Walgreens is not one of my favorite places to shop. The fact is, they are fair and also offer RRs (Register Rewards) on certain items, but they are nowhere as liberal with their RR redeeming as Rite Aid. Good preparation and watching sale flyer peviews helps me to see what sales are coming up, so I can use my precious horde of coupons to their best advantage. I use iheartwags.com when planning trips to Walgreens.

Use this link:  http://www.iheartwags.com/

Here are some guidelines to keep in mind when you shop at Walgreens~

1. If you use RRs to pay for the same item you earned RRs on, no new RRs will print.

Example: Pantene is on sale for 2/$5.00 with 2 RRs back.

Option A:
Transaction 1: Buy 4 Pantene Shampoos, pay $10.50 in cash, and receive 2 RRs.
Net Cost: $2.12 per bottle

Because of this policy, only one pair of shampoos will be “on sale”. I learned this the hard way and had to return 6 bottles of Dove Shampoo/Conditioners, which I then, had to repurchase individually to get the sale price, as in option C below.

Option B:
Transaction 1: Buy 2 Pantene Shampoos, pay $5.25 in cash, and receive 2RR
Transaction 2: Buy 2 Pantene Shampoos, pay $3.25 in cash & 2 RRs, and receive nothing
Net Cost: $2.12 per bottle

In this scenario, you do spend marginally less out of pocket, $8.50 for 4 bottles, but still, not a great value in my opinion.

Option C:
Transaction 1: Buy 2 Pantene Shampoos, pay $5.25 in cash, and receive 2RR
Transaction 2: Buy 2 Pantene Shampoos, pay $5.25 in cash, and receive 2RR
Net Cost: $1.62 per bottle

In this scenario, you would pay $10.50 out of pocket and have $4 RRs to spend another day.  To be able to benefit from the sale price, you will need to make as many separate transactions as you need to in order to purchase the total amount you want of the product. You can use the RRs towards another type of product and earn more RRs, just not the same item. This can get costly out of pocket if you don’t have RRs to spend from other products and can be tricky to keep track of what you earned your RRs on, but in the end, you will get the sale price on each item.

Again, completely fair, but just more of a hassle than I am usually willing to put up with- even for a great sale.
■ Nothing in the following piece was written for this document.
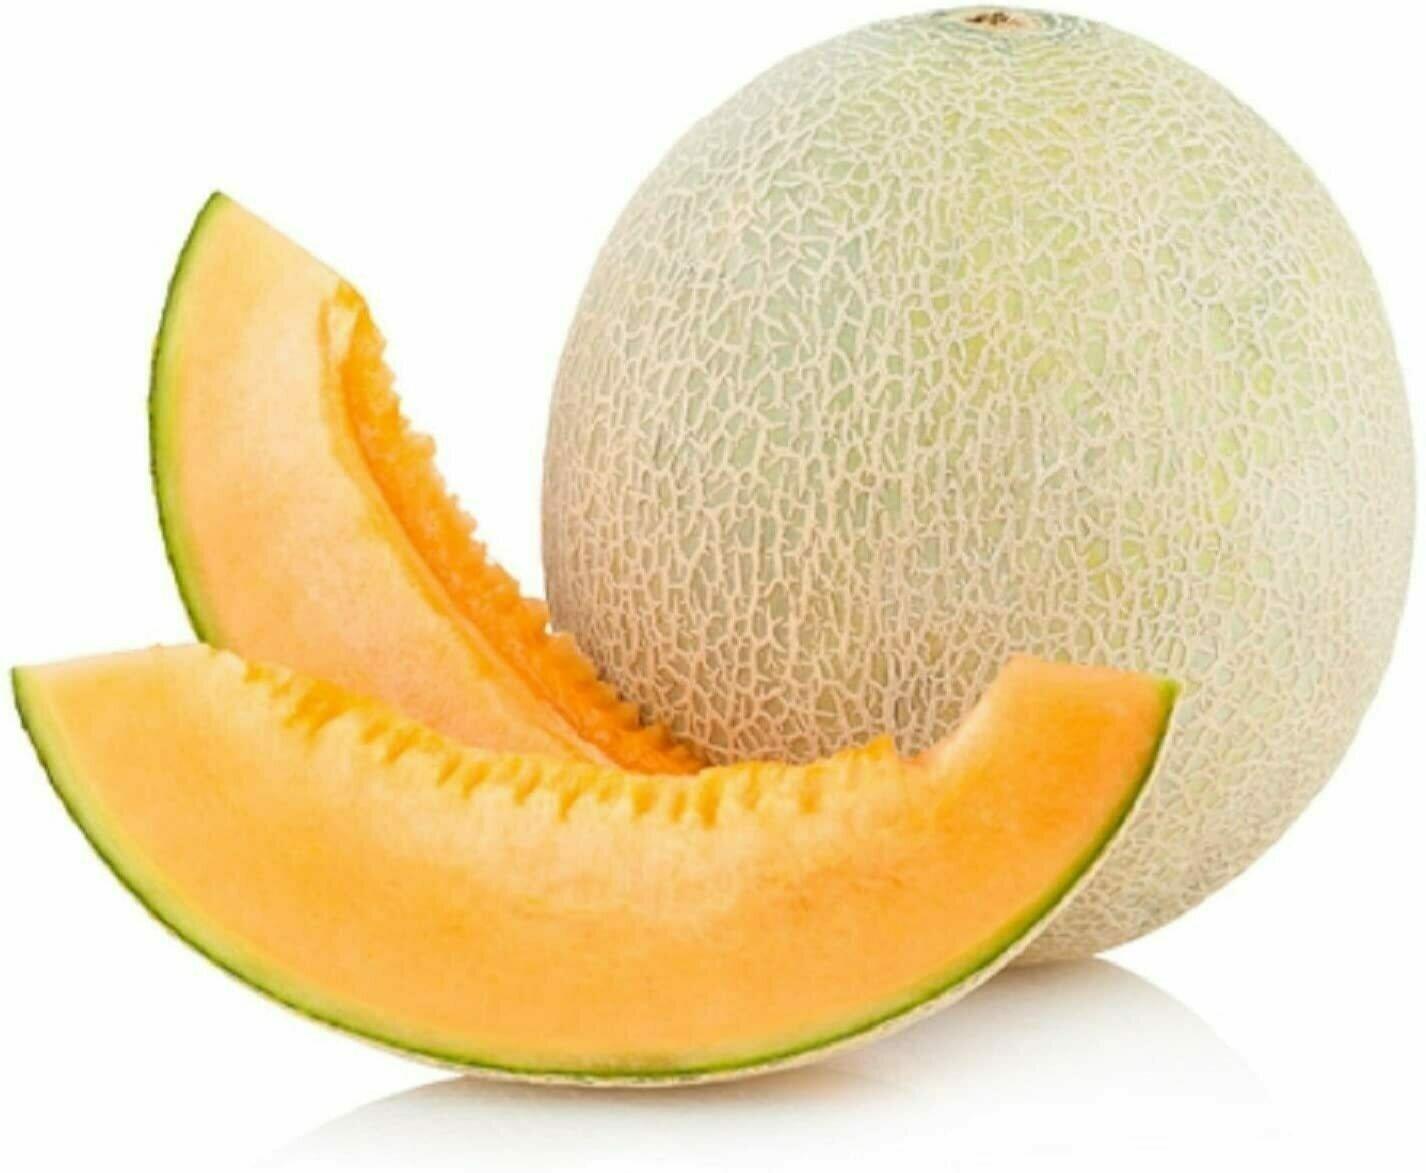 * Cantaloupe 1 Piece

2. RRs count as Manufacturers Coupons.

This small detail is quite important to understand. What this means is this, if you are planning on using coupons on the items you are purchasing, you must have as many items to purchase as you have Manufacturer’s Coupons.

An example: I want to purchase 2 bags of Chex Mix on sale for 2/$3.00. I have one .50/1 Manufacturer’s coupon for each bag. And, I want to pay the difference with a $2.00 RR. This may cause me a problem at the register. Walgreen’s computer is set up to reject this sale because I am using 3 manufacturer’s coupons to purchase 2 items. I have found 2 solutions to this annoying problem.

Option A: I purchase a lollipop or some other negligible “filler”, so I can use the RR. (You are looking for something that costs a few cents.) It will cost me some out of pocket, but less than if I were to buy the item without the coupons.

Option B: Use the RR first and then hand the manufacturer's coupons to the clerk.Use store coupons last. I don’t know why this works, but many times, it does. It is worth a try and I am conscious of the order of my coupons when it is time to pay because of this little “loop hole”.

But, be prepared to grab that lollipop... just in case.